# Body Shop Painting in or around Lincolnshire.



## 106410 (Aug 12, 2007)

Hi, does anyone know of a reasonable Body Shop in Lincolnshire or surrounding areas that will not run a mile when asked to spray onto plastic and give some sort of guarantee. Talking about the roof of my MH. Thanks.


----------



## Snelly (Aug 20, 2005)

I use a garage/bodyshop in Grimsby who are very good. May be worth giving them a call.

AT Auto's
01472 250605

I have seen them repairing crash damaged caravans before, so maybe they can help with your respray?? They did my car door and it blended perfectly, you would never of known the missis had crashed it into a barrier!


----------



## anneandgeorge (May 1, 2005)

We have used Malcs Bodyshop, Unit 10/11 East Road Ind Est. Sleaford, very happy with his work.
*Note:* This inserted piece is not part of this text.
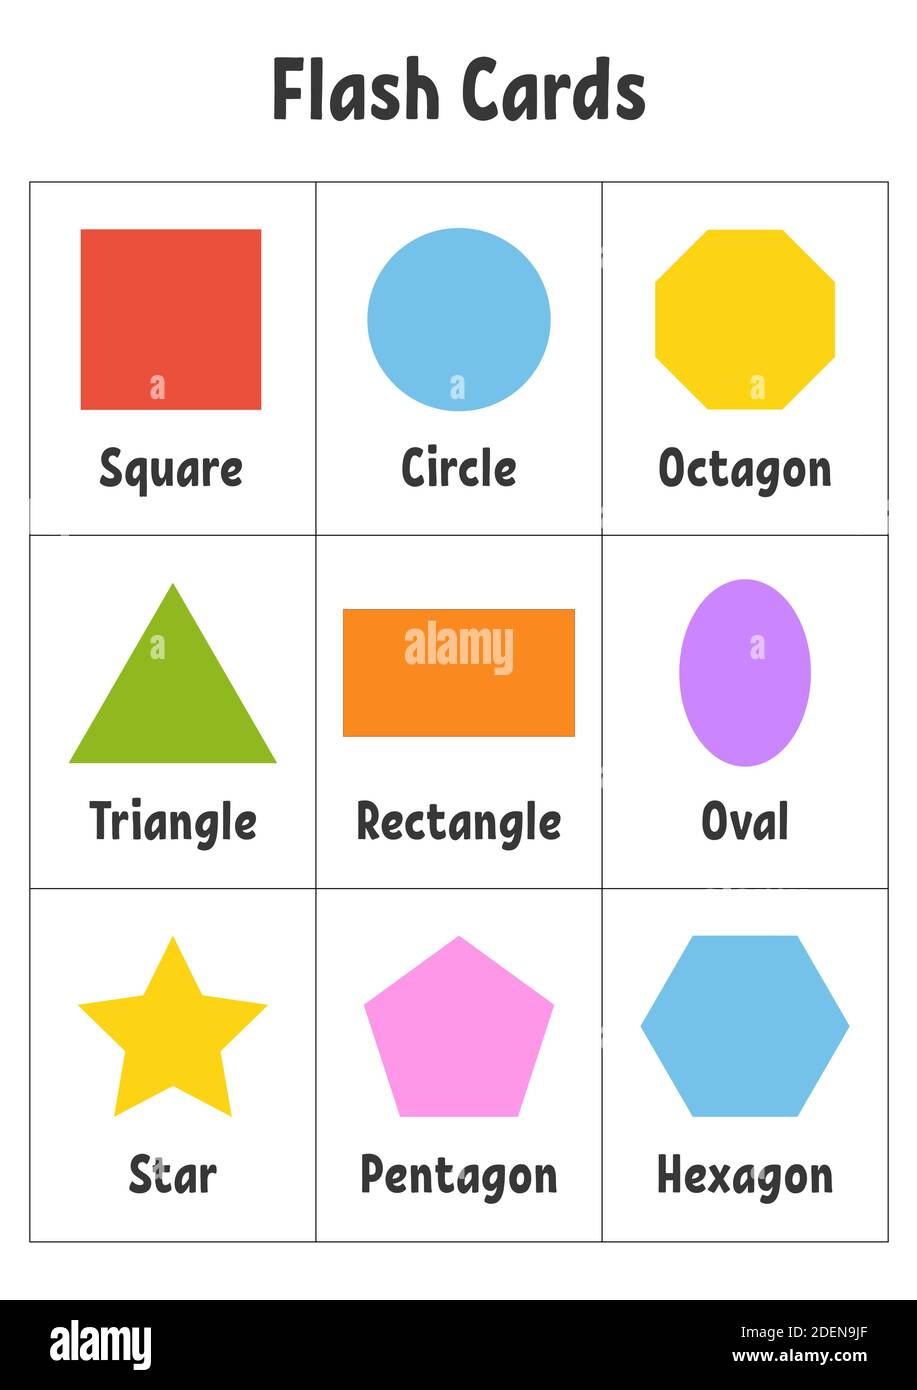 https://c8.alamy.com/comp/2DEN9JF/flash-cards-learning-shapes-education-developing-worksheet-activity-page-for-kids-color-game-for-children-vector-illustration-2DEN9JF.jpg

Been going for years. Have phone number if you need it.


----------



## Spannerman007 (Jun 8, 2010)

*Bodyshop In Lincolnshire*

Hi

We have an excellent bodyshop in our village:

G Bellamy, The Willows, Birthorpe Road, Billingborough, NG34 0QD
01529 241474

I have had good work on a variety of vehicles.

Spannerman007


----------